Get XPath from XML Document Present in Marklogic Database

Question

I am new to Marklogic and My Requirement is, I have XML document in Marklogic Database containing multiple elements.

 ** Example :**    

<tXML xmlns:xsi="http://www.w3.org/2001/XMLSchema-instance">
    <Header>
        <Source>Source1</Source>
        <Action_Type>Action_Type1</Action_Type>
        <Sequence_Number>Sequence_Number1</Sequence_Number>
    </Header>
</tXML>

When i pass "Sequence_Number"it should return /tXML/Header/Sequence_Number and it is possible to have "Sequence_Number" element multiple times.

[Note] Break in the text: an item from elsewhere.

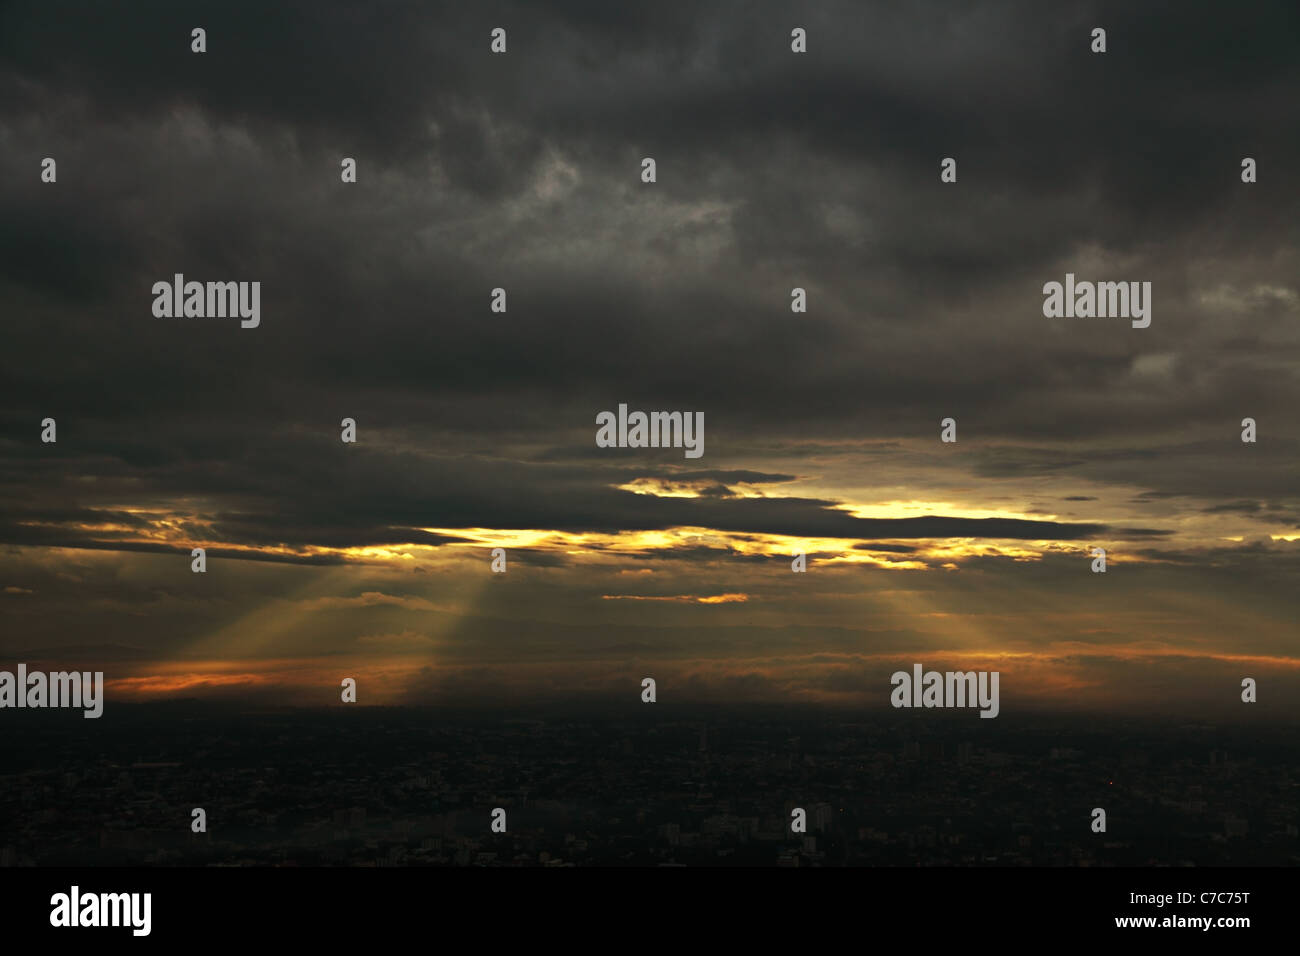 Sunbeams bursting through a dark cloudy sky Stock Photo
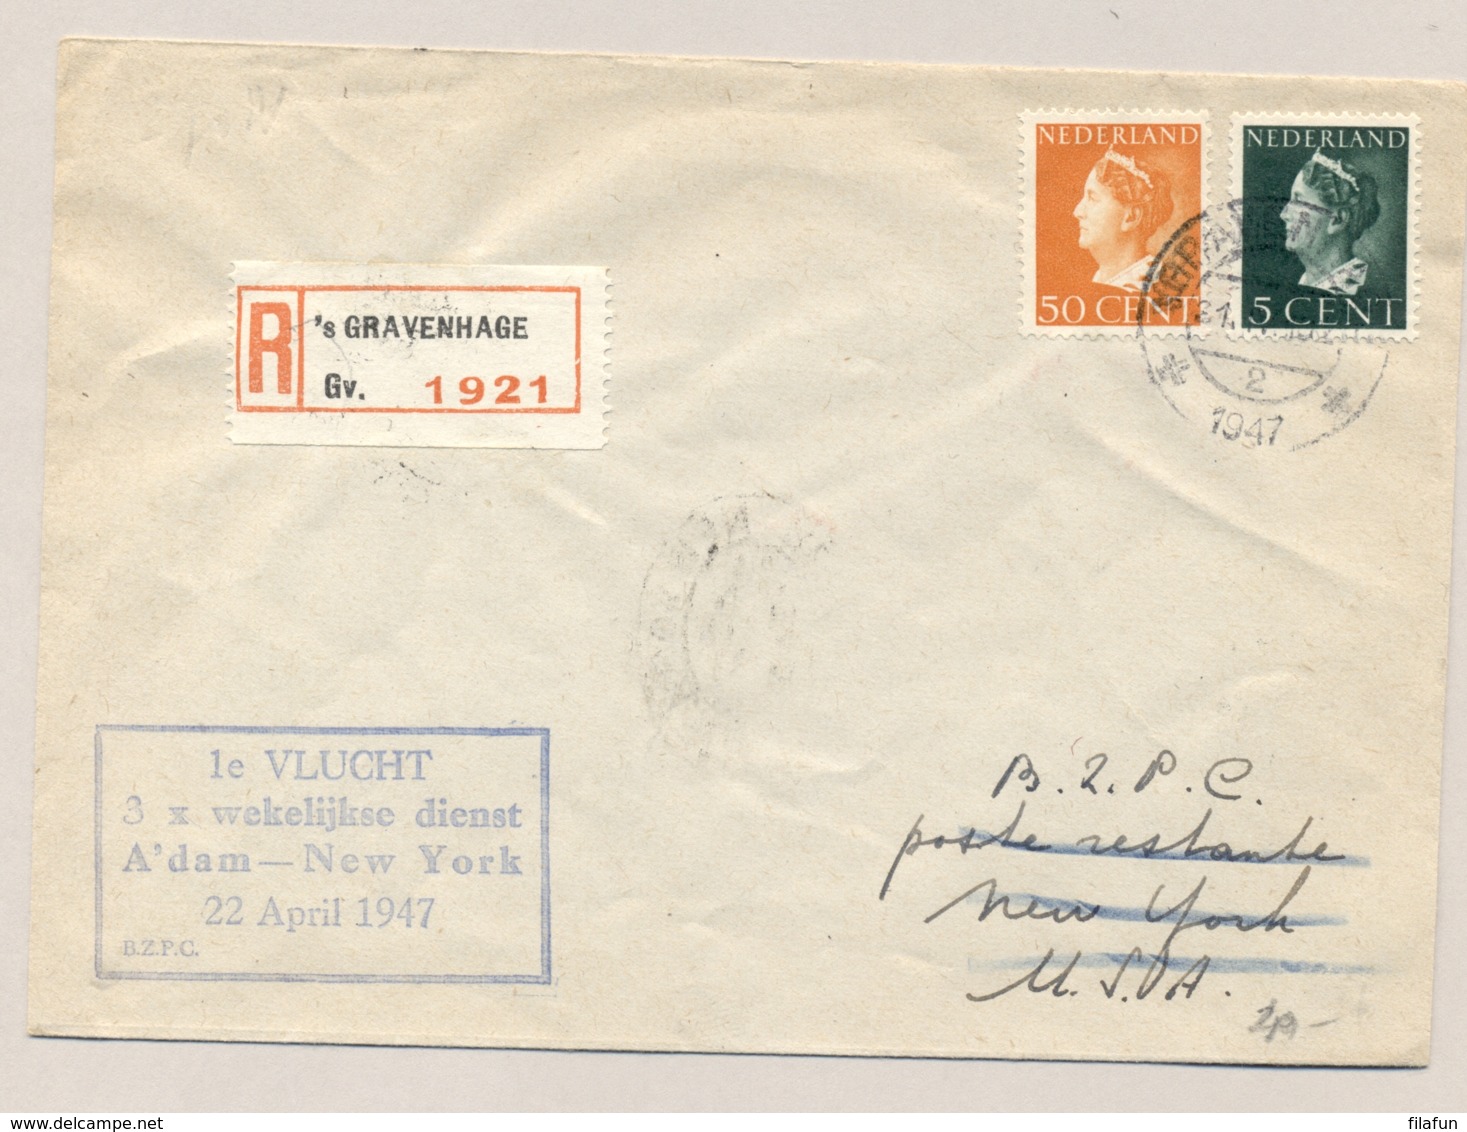 Nederland - 1947 - 5 En 50 Cent Konijnenburg Op R-First Flight Van Amsterdam Naar New York / USA - Lettres & Documents

Please tell me whether it is possible using Marklogic XQuery/Java API or i need to uses any third party API to obtain this result.

Answer 1

It probably won't perform well on large documents, but you could use string matching on element names to find the elements, and then use xdmp:path to get the corresponding XPath for that document. Something like:

xquery version "1.0-ml";

let $xml := document {
<tXML xmlns:xsi="http://www.w3.org/2001/XMLSchema-instance">
    <Header>
        <Source>Source1</Source>
        <Action_Type>Action_Type1</Action_Type>
        <Sequence_Number>Sequence_Number1</Sequence_Number>
    </Header>
</tXML>
}
let $elem-name := "Sequence_Number"
let $elems := $xml//*[local-name() eq $elem-name]
return $elems ! xdmp:path(.)

HTH!

Answer 2

If you pass the String "Sequence_Number" then how could it know which of the Sequence_Number siblings to get the XPath of? You could be talking about the first occurrence or maybe the second or third, it wont know. Given just a tagName, it can't know which occurrence to get the XPath for.

That said, the below method will give you the general XPath to where an element lives. You just need to get the org.w3c.dom.Element first, which can be gotten from the org.w3c.dom.Document.

public static String getXPathOfElement(org.w3c.dom.Element el) {
    Objects.requireNonNull(el);
    LinkedList<String> list = new LinkedList<>();
    for (Node n = el; n != null; n = n.getParentNode()) {
        if (n.getNodeType() == Node.ELEMENT_NODE)
            list.push(n.getNodeName());
        else
            list.push("");
    }
    return String.join("/", list);
}


public static void main(String[] args)
        throws ParserConfigurationException, SAXException, IOException {

    // Get an input stream of your Xml somehow
    String xml =
            "<tXML xmlns:xsi=\"http://www.w3.org/2001/XMLSchema-instance\">"
            + "<Header>"
            + "<Source>Source1</Source>"
            + "<Action_Type>Action_Type1</Action_Type>"
            + "<Sequence_Number>Sequence_Number1</Sequence_Number>"
            + "</Header>"
            + "</tXML>";

    java.io.InputStream xmlInputStream = new java.io.ByteArrayInputStream(xml.getBytes());

    // Get the Document from the xml InputStream
    javax.xml.parsers.DocumentBuilderFactory docBuilderFact =
            javax.xml.parsers.DocumentBuilderFactory.newInstance();
    javax.xml.parsers.DocumentBuilder docBuilder = docBuilderFact.newDocumentBuilder();
    org.w3c.dom.Document doc = docBuilder.parse(xmlInputStream);

    // Get the Element you want the general XPath of
    // In this case just find the first one with a certain tag in the Document
    org.w3c.dom.Element el =
            (org.w3c.dom.Element) doc.getElementsByTagName("Sequence_Number").item(0);

    System.out.println(getXPathOfElement(el));
}